Support the Donbass revolt, but not with Putin

With a democratic and social alliance against the Kiev regime and NATO

by Wilhelm Langthaler

External Link: www.borotba.org

Every international conflict also got a regional or local dimension – this is true also for Ukraine. Quickly, too quickly geopolitics moves into the centre of attention. But without understanding and considering the socio-political underpinnings a social revolutionary solution in the interest of the majority cannot be devised.

1. Starting point

The abandonment of the association treaty with the EU last autumn sparked the street protests. This alone bears witness of the social illusions into the EU and western capitalism in general on one hand and the political power of anti-Russian sentiments on the other hand. Both from an economic as well as from a political point of view the treaty, which implied severing the close relations to Russia, would not have served the interests of the popular masses. In return the EU has only to offer austerity along the IMF adjustment programmes as exercised in southern Europe further pushing Ukraine into poverty and periphery.

The intensity of the protests can, however, only explained by taking the social aspects into consideration. The pro-Russian elites commanded a brachial capitalism similar to the Russian one but without its natural riches. Apart from its geo-political orientation the difference to its orange-coloured predecessor is small. A good example is the gas princess Timoshenko herself who made their huge fortunes by dealing with Russia. The people were taking to the streets against the social decay following the crisis of 2008 led by Yanukovych & Co. Even his Russophile clientele has considerably shrunk.
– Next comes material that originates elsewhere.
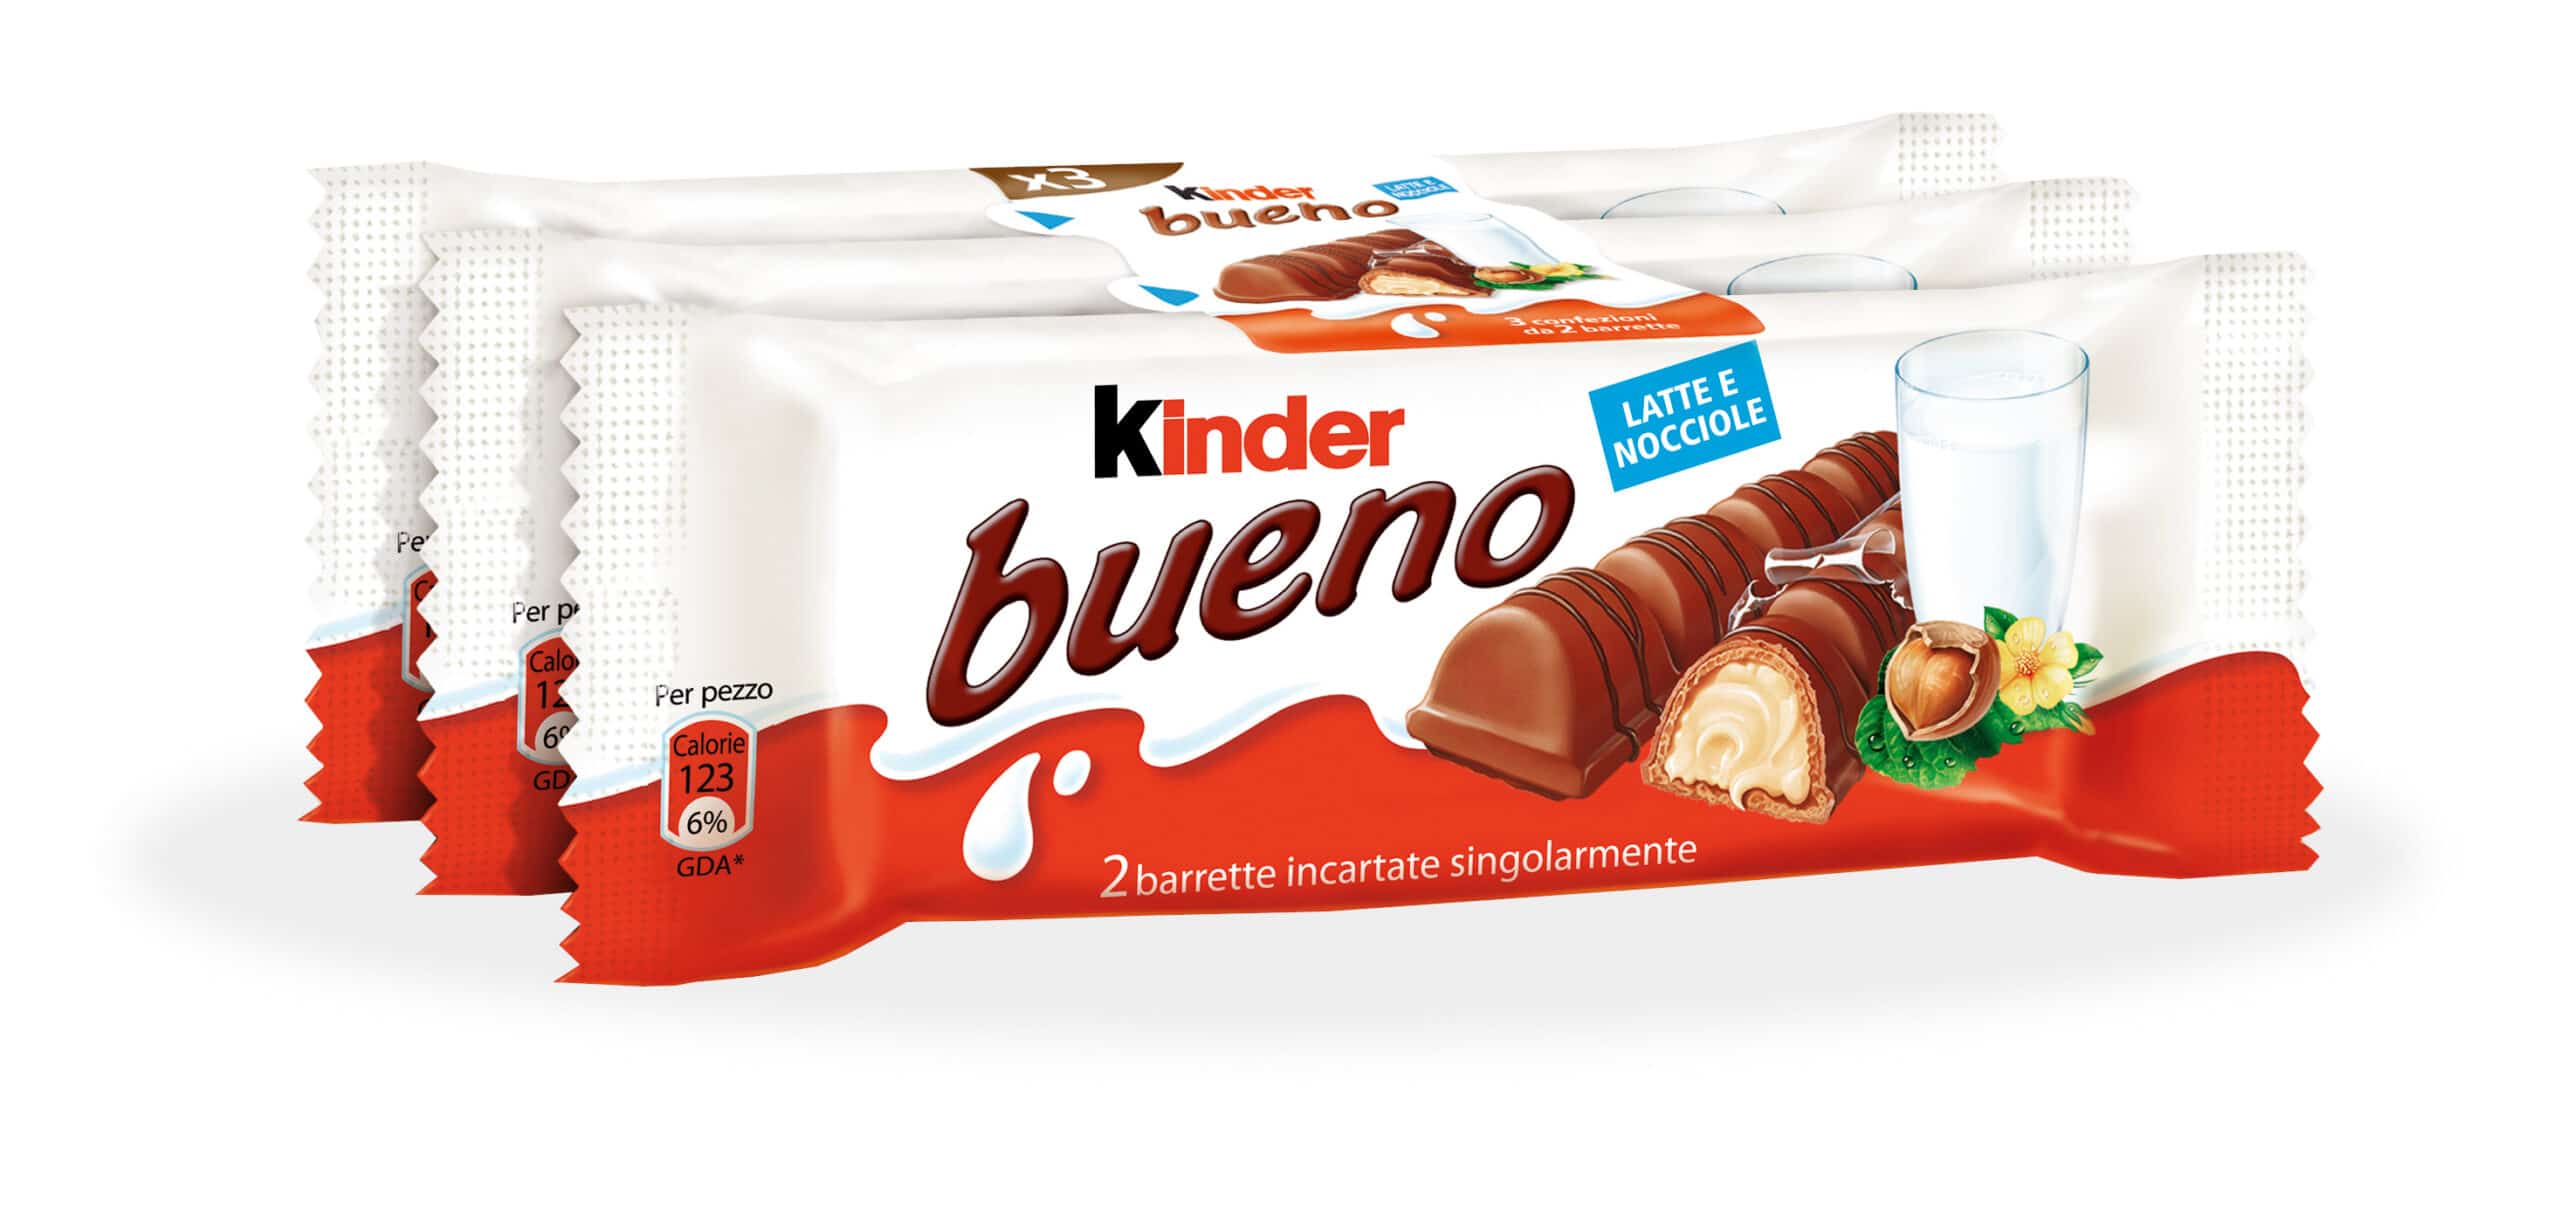 Ferrero: Kinder Bueno chocolate 3pz Terra from Wide Italy” World – “Imported

From the very start rightist, nationalist and pro-fascist forces were part of the movement which gradually could build influence and conquer the leadership. Reportedly they enjoyed also the support (including the material one) of anti-Russian big capitalists. The national overwhelmed the social. It displays the strength of Ukrainian nationalism and anti-Russian sentiments.

The left, which initially has been present on the Maidan, has been marginalised and chased away. We do not refer to the CP which is an appendix of the capitalist regime of Putin-Yanukovych, but to independent forces like Borotba, which left the Maidan soon.

2. Western anti-Russian stance

The EU and especially the US have been siding with the Maidan movement and the overthrow. The West is motivated by a general anti-Russian stance and the hope to enlarge its sphere of influence eastwards. Only Germany and its closest allies, which got vested economic interests in Russia, have displayed more caution but without wanting to confront the US.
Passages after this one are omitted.